▶ **To do**: Begin your copy at the line with "Letras | bordado" in the records below and end it at the line with "Geyser Thermostat Wiring", restating each line word for word; omit the pictures.

▶ **Entries supplied**:
---

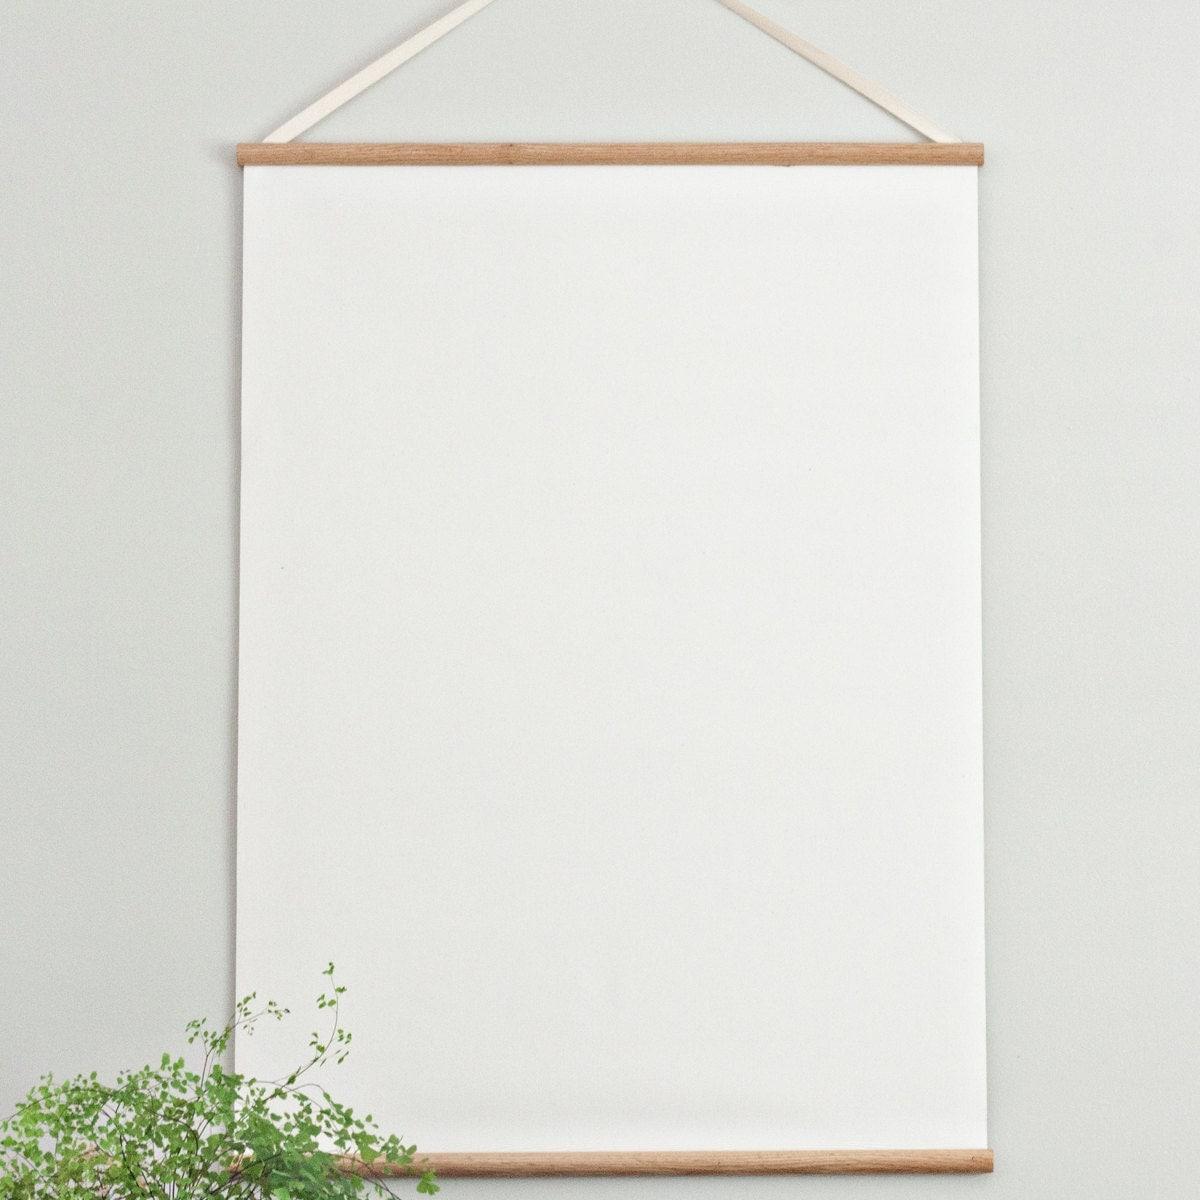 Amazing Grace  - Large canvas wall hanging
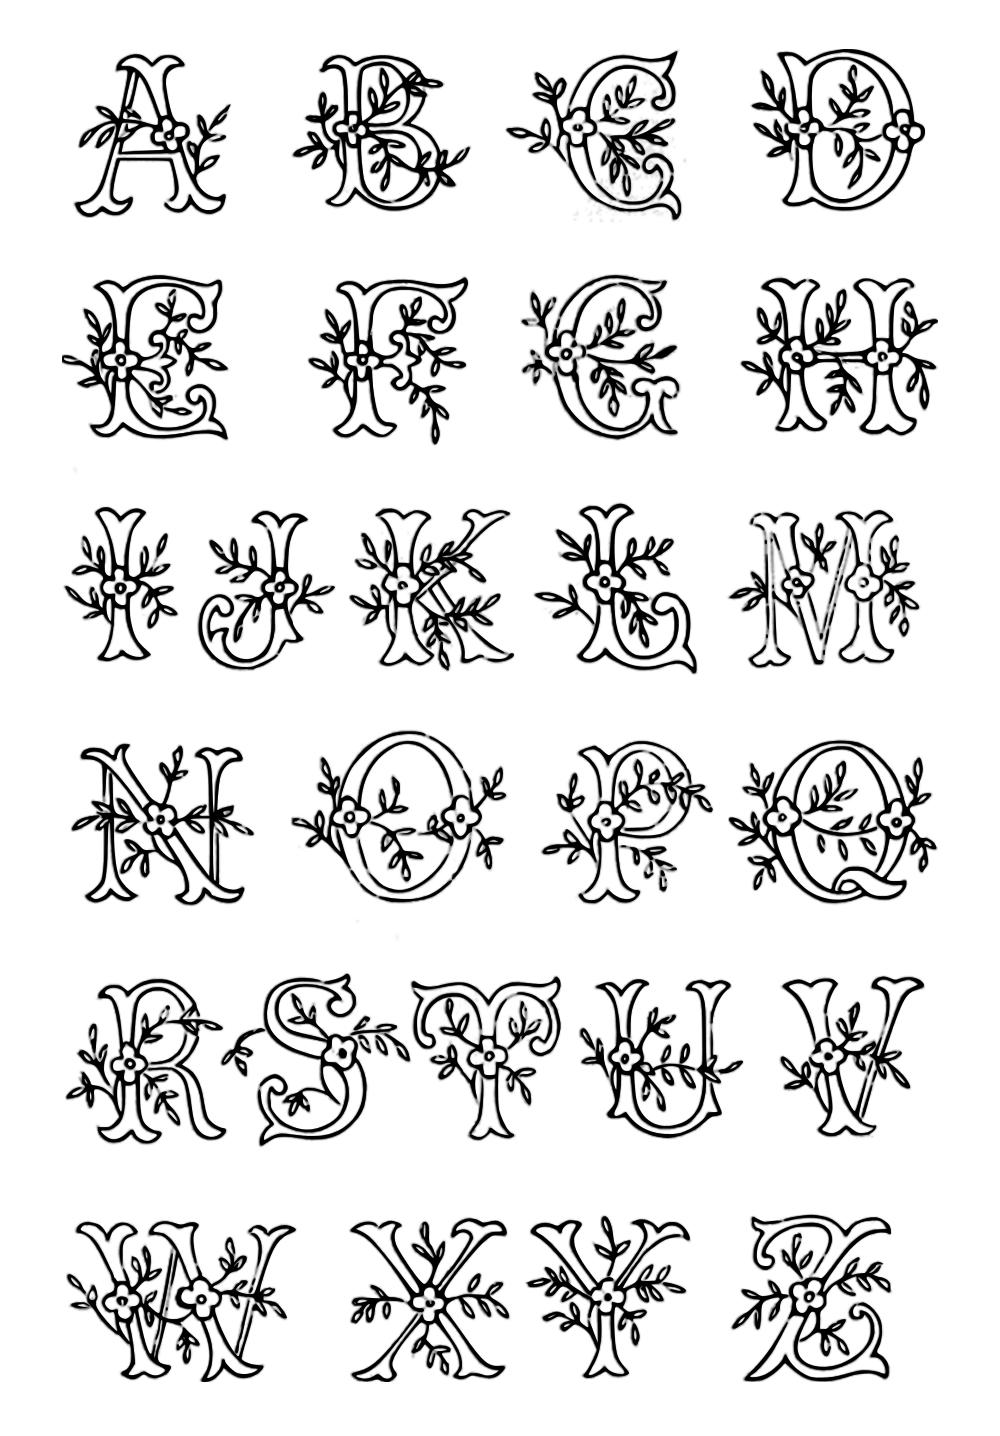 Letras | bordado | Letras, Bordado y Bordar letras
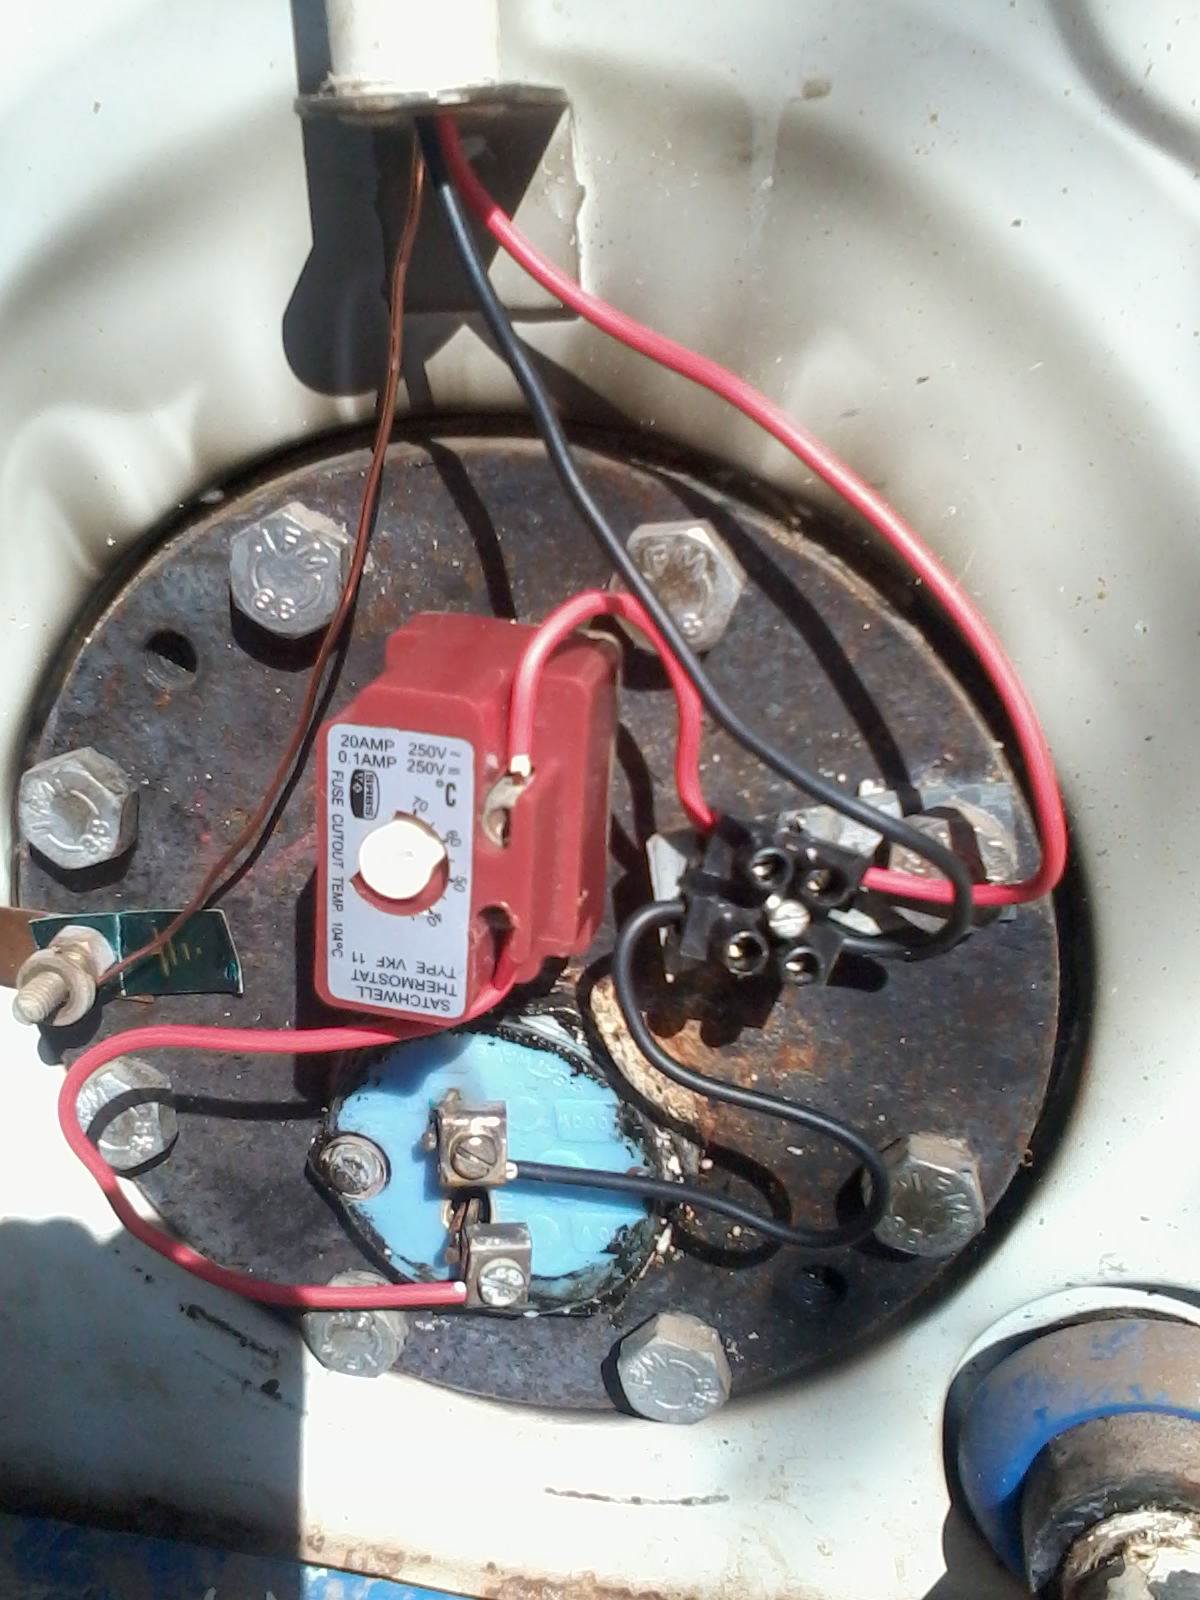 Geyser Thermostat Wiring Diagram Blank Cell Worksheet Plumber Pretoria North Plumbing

---

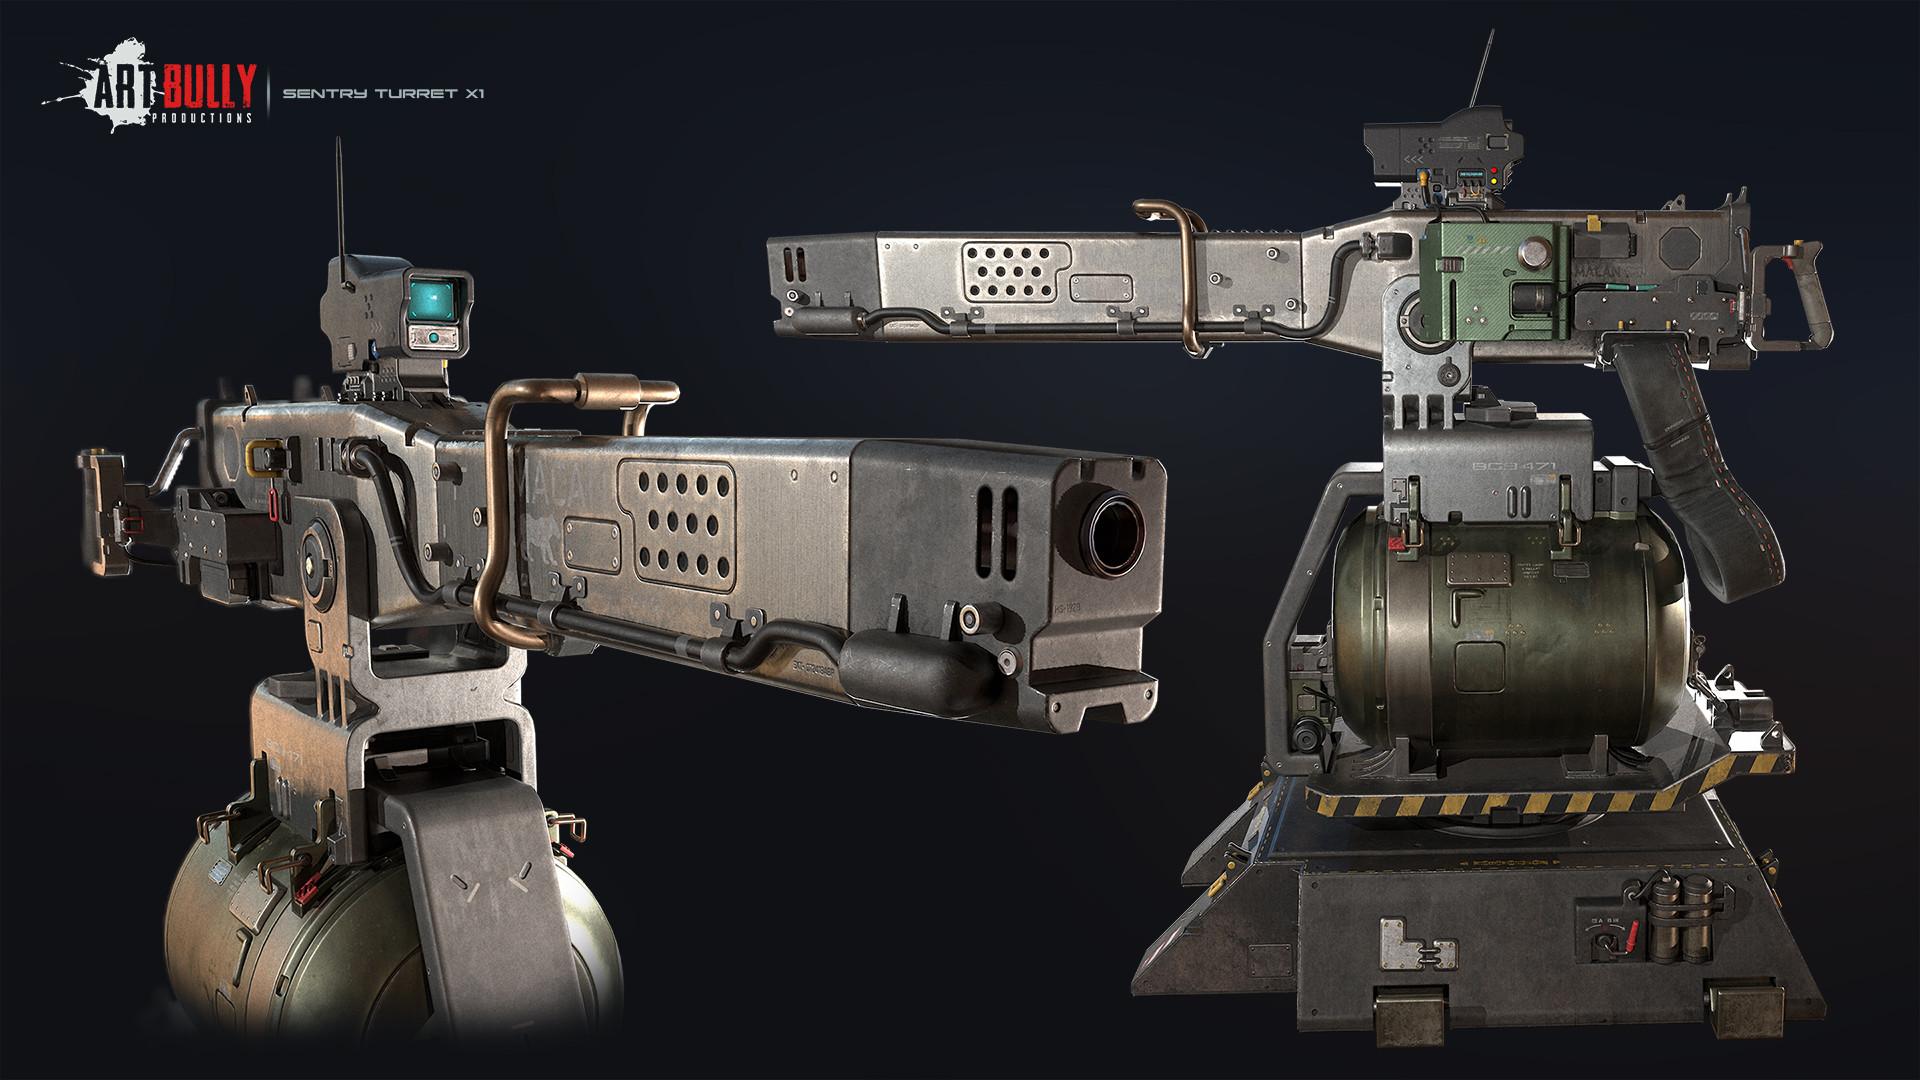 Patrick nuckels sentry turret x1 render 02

---

▶ **Solution to this exercise**:
 Letras | bordado | Letras, Bordado y Bordar letras
 Geyser Thermostat Wiring Diagram Blank Cell Worksheet Plumber Pretoria North Plumbing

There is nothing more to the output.